A cena é alegre e melancólica. Se nos dois capítulos anteriores Chloe ainda se mostrava um tanto quanto hostil ao “abandono” de Max anos atrás, a partir deste ponto fica mais óbvio que há um desejo sincero da parte dela de voltar a confiar na pessoa que foi sua melhor amiga por tanto tempo. Chloe, que se sente deixada para trás pelas pessoas que ama, construiu ao redor de si uma carapaça de hostilidade que às vezes a tornam difícil de lidar. No entanto, é inegável a sua química com Max e o quanto, embora controlemos nossa Time Lady adolescente, Life is Strange é um “jogo de formação” tanto da própria Max, quanto de Chloe. Enquanto jogamos, sem perceber, já estamos sendo condicionados a uma escolha final.

O capítulo 3 é um ponto crítico em sua relação (de jogador) com Chloe: ou você a amará ou a odiará, mas dificilmente ficamos indiferentes ao que vem em seguida.

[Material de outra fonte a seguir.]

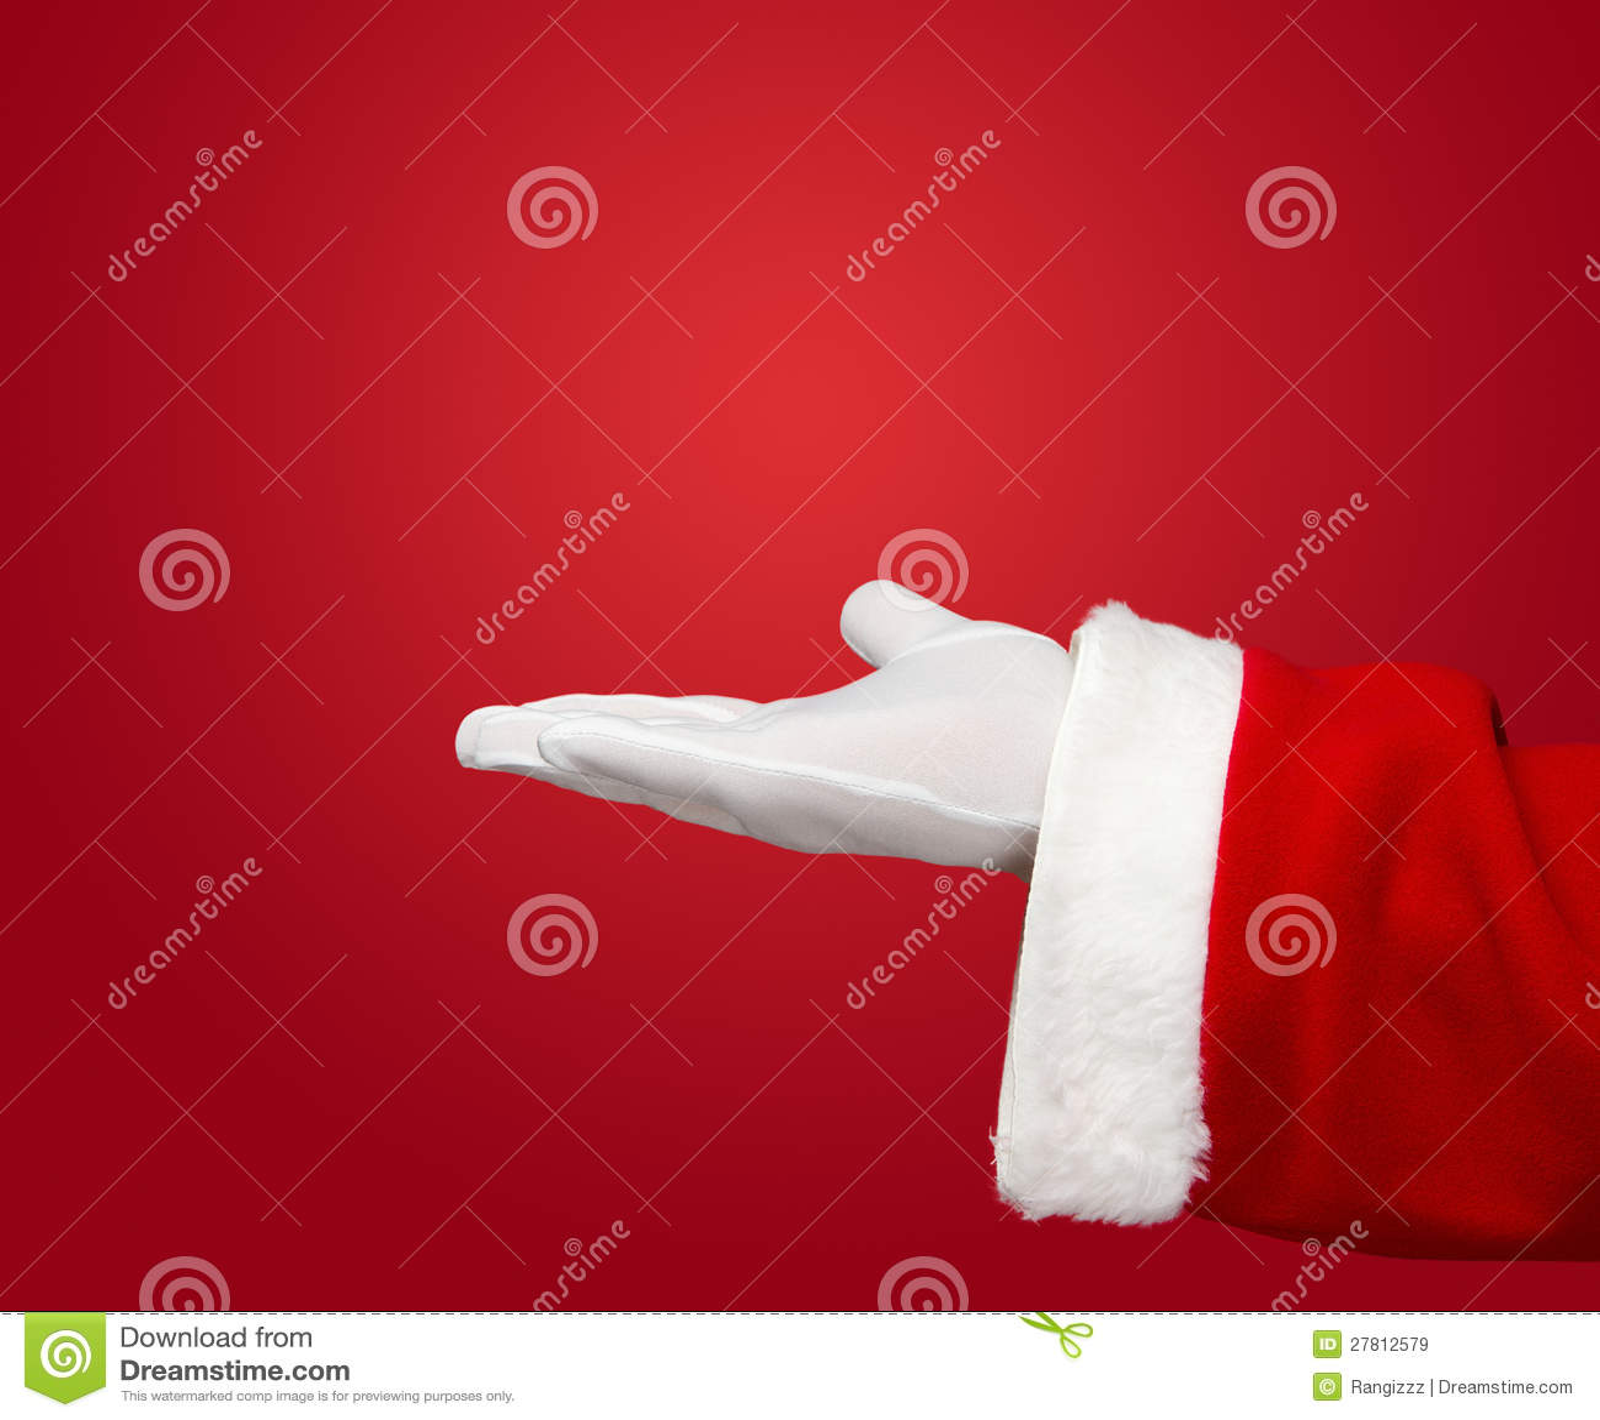 Santa Hand Stock Photos, Royalty-Free Images & Vectors - Shutterstock
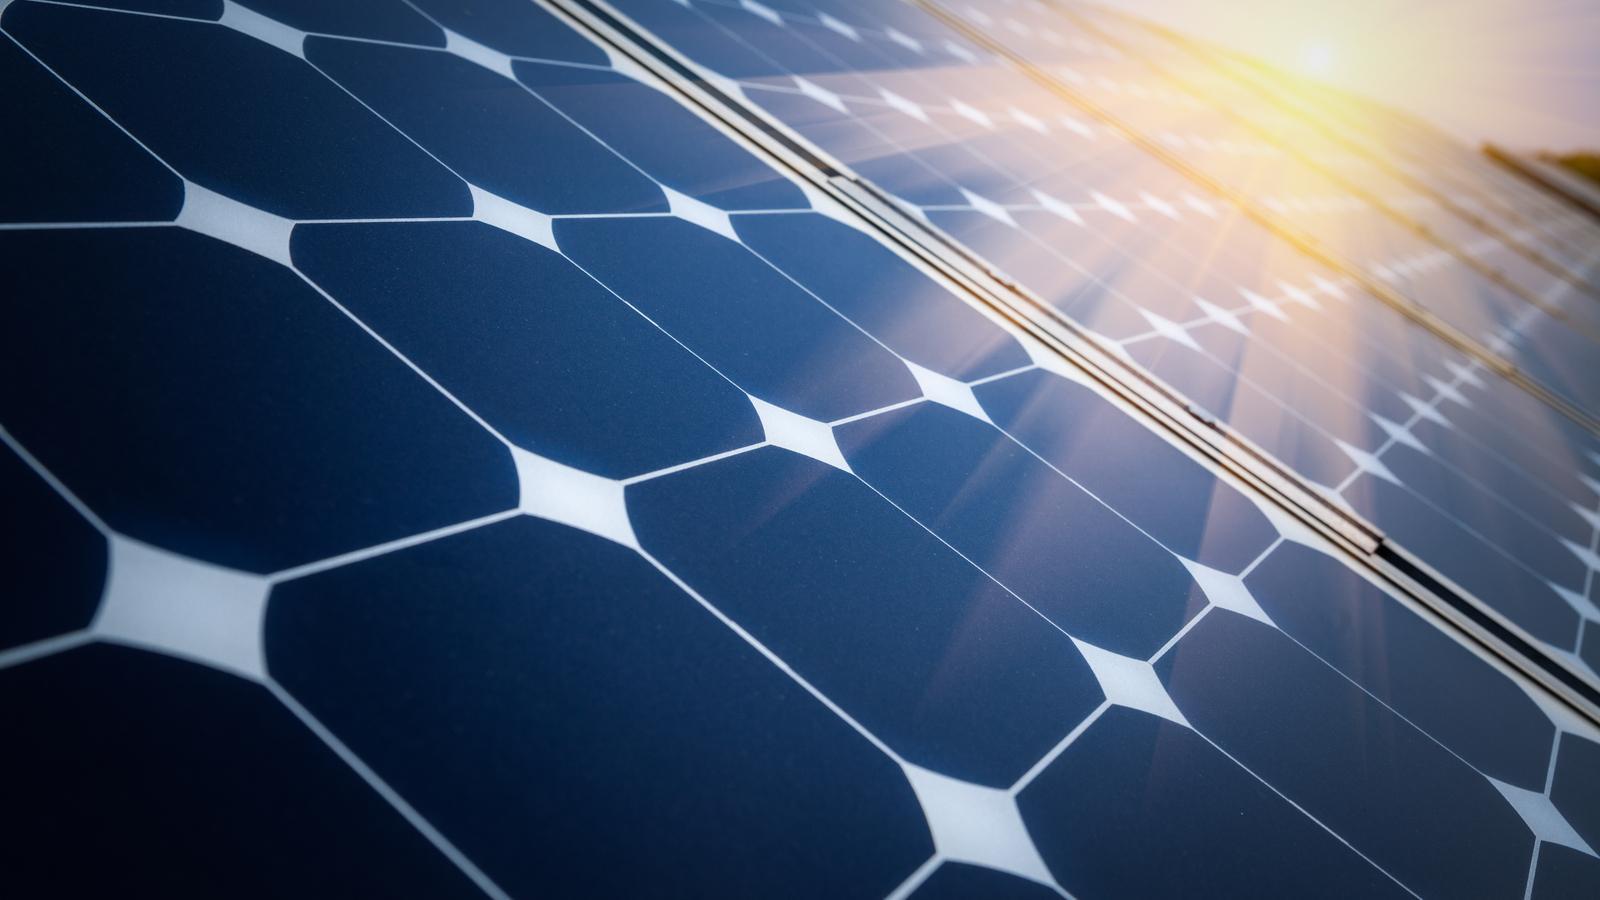 Solar Panel with Sun Shining

PS: Mentira, eu tava tão feliz com meu ship que quase nem senti o final de “Chaos Theory”.

PS2: Mentira². Eu fiquei bem triste, mas sem deixar de comemorar jamais.

“O que é isso?” “Uma dança triste.” “Ah, ok.”

Julho: Dark Room

“CADÊ AQUELE JOGO FOFO QUE COMECEI A JOGAR EM JANEIRO??”, diz qualquer pessoa ao terminar este episódio.

Houve momentos em “Dark Room” em que tudo o que eu queria fazer era abraçar meus joelhos e chorar baixinho. As decisões são pesadas e arrasadoras. Os temas sombrios que até então ficavam apenas à margem finalmente estouram na nossa cara.

No final do capítulo 3, Max toma uma decisão que traz consequências terríveis e agora vive num mundo paralelo onde não reconhece a si mesma ou aqueles ao redor. A coisa que eu mais gosto no começo de “Dark Room” é quando ela reconhece seu “eu” paralelo como um alguém não tão legal assim – e passamos a nós questionar silenciosamente o quão “paralelo” ele é. Se havia alguma dúvida de que nossa Max tinha, em algum nível, abandonado Chloe depois da mudança para outra cidade, nesta realidade isso fica claro num nível doloroso. Não que isso a torne uma vilã ou alguém que podemos incriminar sem ter alguma culpa no cartório. Max era uma pré-adolescente crescendo numa cidade distante que pôde se ver livre do drama e da tristeza de assistir a um ente querido definhar diante dos olhos. Manter-se afastada não deixa de ser humano, mas ressona em uma face menos agradável de nós mesmos que torna essa familiaridade um tanto quanto assustadora.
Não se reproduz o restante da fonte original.